We need to update the KMS key policy to allow our terraform-apply role to use the CMK that encrypts our Terraform state.

  • [ ] Allow arn:aws:iam::<acct>:role/terraform-apply to use the CMK.

    We'll add a statement to the KMS key policy that allows the terraform-apply role to perform actions like encrypt and decrypt using the key.

  • [ ] Keep root admin statement to avoid lockout.

    It's crucial to keep the root admin statement in the KMS key policy to prevent accidental lockouts. This ensures that the root user in our account can always access the key.

GitHub Actions

Now, let's set up our GitHub Actions workflows. We'll create two workflows: one for planning and one for applying.

  • [ ] .github/workflows/plan.yml: PR trigger β†’ OIDC assume β†’ init/plan for envs/sandbox β†’ comment plan.

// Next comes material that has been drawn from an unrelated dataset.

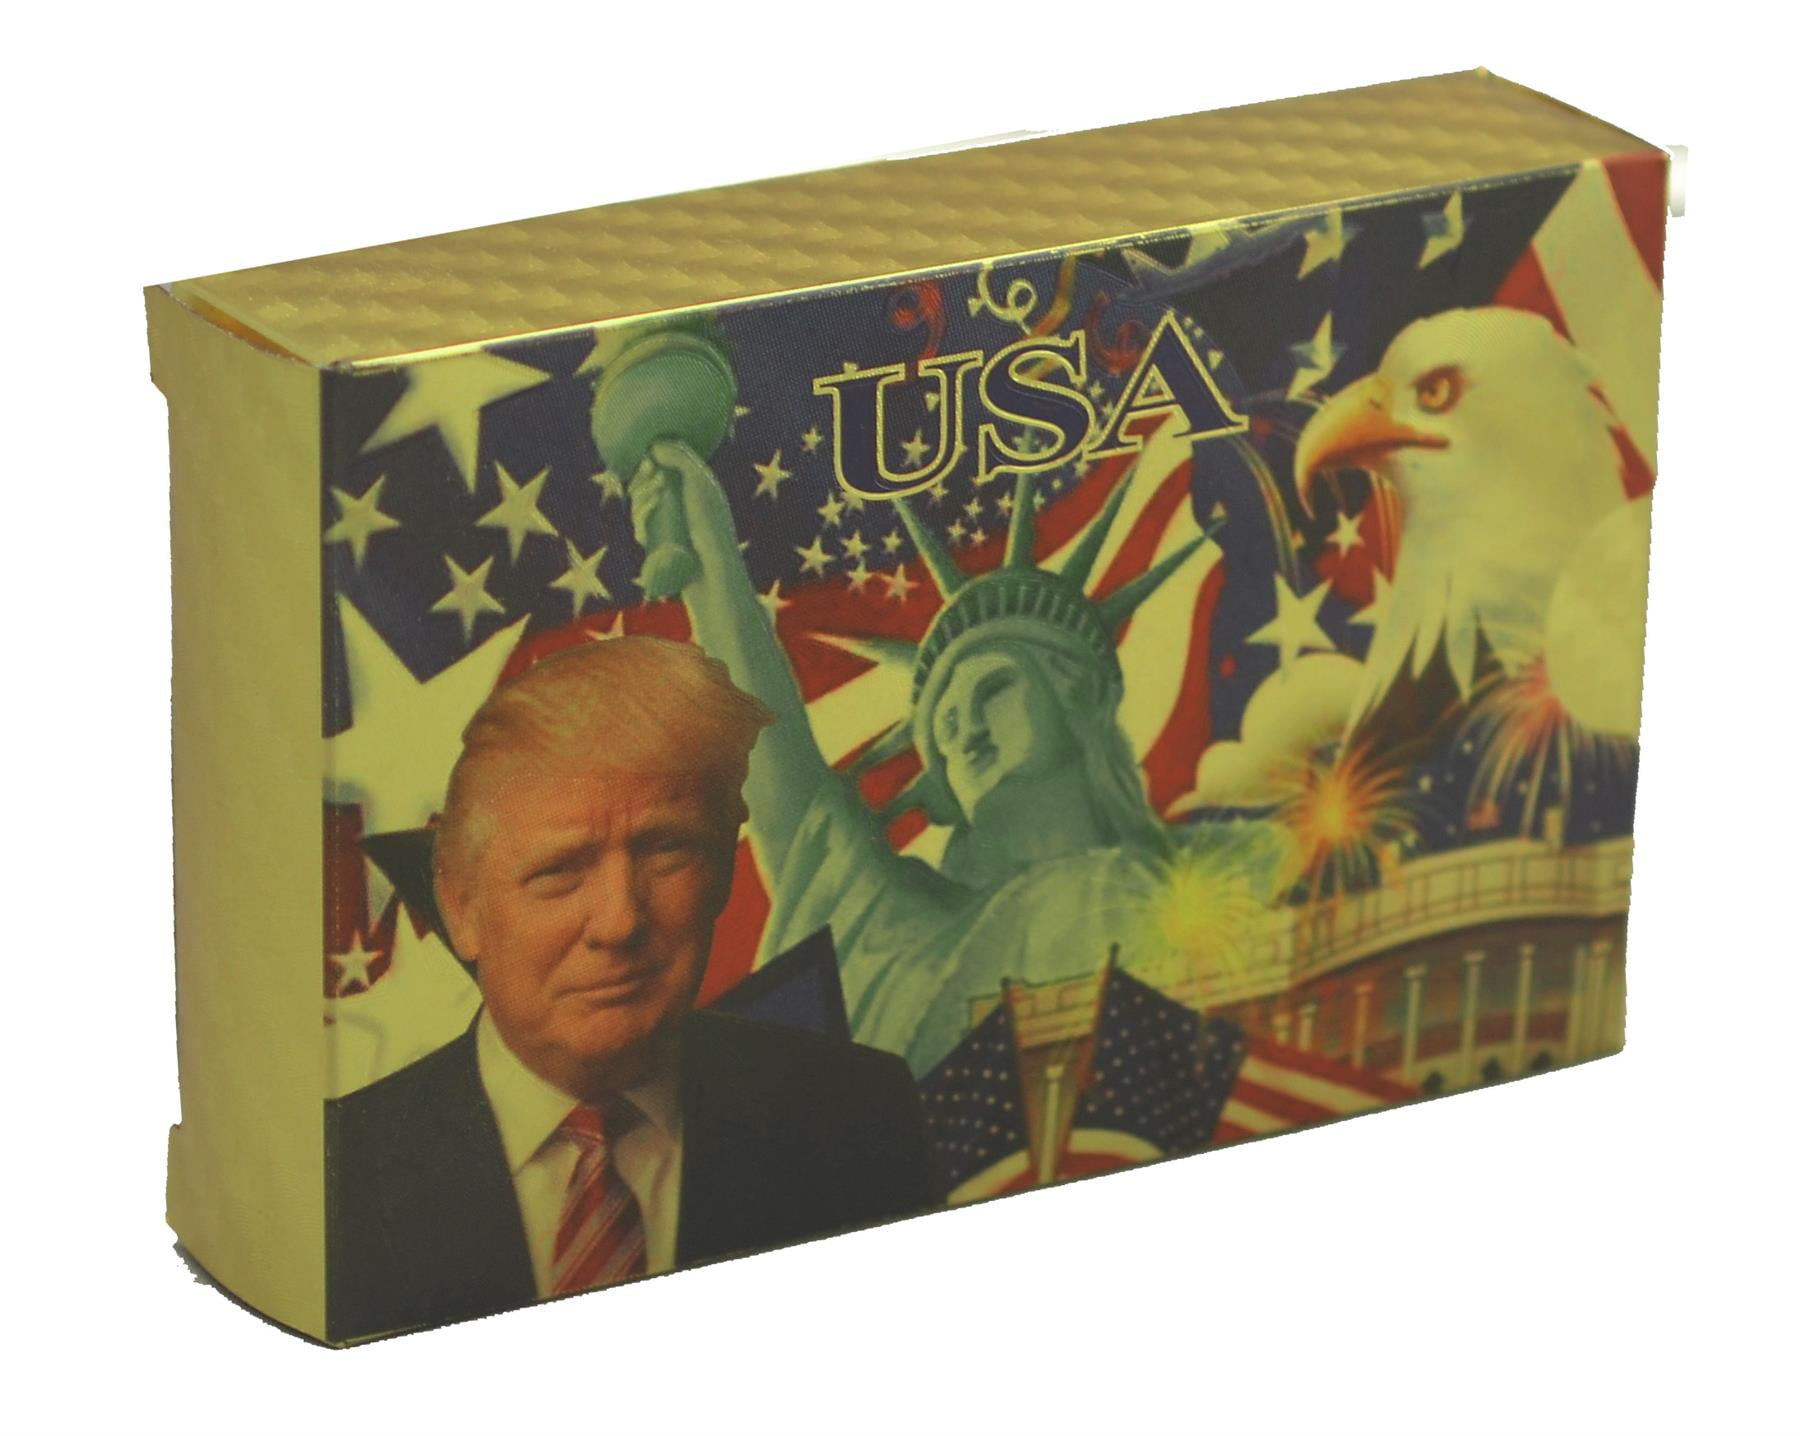 Pack of 2 USA Trump/Bald Eagle Waterproof Gold Foil Playing Cards

    This workflow will trigger on pull requests. It will:

    1. Assume the terraform-apply role using OIDC.
    2. Run terraform init and terraform plan for the envs/sandbox environment.
    3. Post the plan as a comment on the pull request. This is super helpful for reviewing changes before they're applied.
  • [ ] .github/workflows/apply.yml: push to main β†’ OIDC assume β†’ init/apply for envs/sandbox.

    This workflow will trigger when we push to the main branch. It will:

    1. Assume the terraform-apply role using OIDC.
    2. Run terraform init and terraform apply for the envs/sandbox environment. This is where the actual changes to our infrastructure are applied.
  • [ ] (Optional) add Protected Environment to require manual approval for apply.

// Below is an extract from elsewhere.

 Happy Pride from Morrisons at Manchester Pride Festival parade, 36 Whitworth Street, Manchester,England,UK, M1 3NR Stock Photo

    For added safety, we can add a protected environment in GitHub. This will require manual approval before the apply workflow can run. It’s like having a safety net, you know?

Acceptance Criteria (Definition of Done)

How do we know we've done a good job? Here are the acceptance criteria:

  • [ ] From PR: workflow posts a plan comment.

    When a pull request is created, the terraform-plan workflow should run and post a comment with the Terraform plan.

  • [ ] From merge to main: workflow applies successfully.

    When changes are merged into the main branch, the terraform-apply workflow should run and apply the changes without errors.

  • [ ] CloudTrail shows AssumeRoleWithWebIdentity for terraform-apply.

    We should be able to see in CloudTrail that the terraform-apply role is being assumed using AssumeRoleWithWebIdentity, which confirms that OIDC is working as expected. This is like seeing the footprints of our process, right?

  • [ ] terraform init/plan succeed (no KMS AccessDenied).

    Running terraform init and terraform plan should succeed without any KMS AccessDenied errors. This verifies that our role has the necessary permissions to access the KMS key.

  • [ ] OIDC trust is scoped to this repo and desired branch/env.

    We need to ensure that the OIDC trust policy is correctly scoped to our repository and the specific branch or environment we're working with. This is a critical security measure to prevent unauthorized access.

Validation Commands

To validate our setup, we can use the following commands:

# Identify role ARN
aws iam list-roles | grep terraform-apply

# Verify KMS policy includes the role
aws kms get-key-policy --key-id alias/tf-state --policy-name default | jq .

# Run a local plan using the same role (SSO or test assume)
cd envs/sandbox
terraform init
terraform plan

These commands will help us verify that the terraform-apply role exists, that the KMS key policy includes the role, and that we can run Terraform commands locally using the same role.

So there you have it, guys! A comprehensive guide to setting up secure Terraform workflows with GitHub OIDC. This approach not only enhances security by eliminating static AWS keys but also streamlines the infrastructure management process. Happy Terraforming!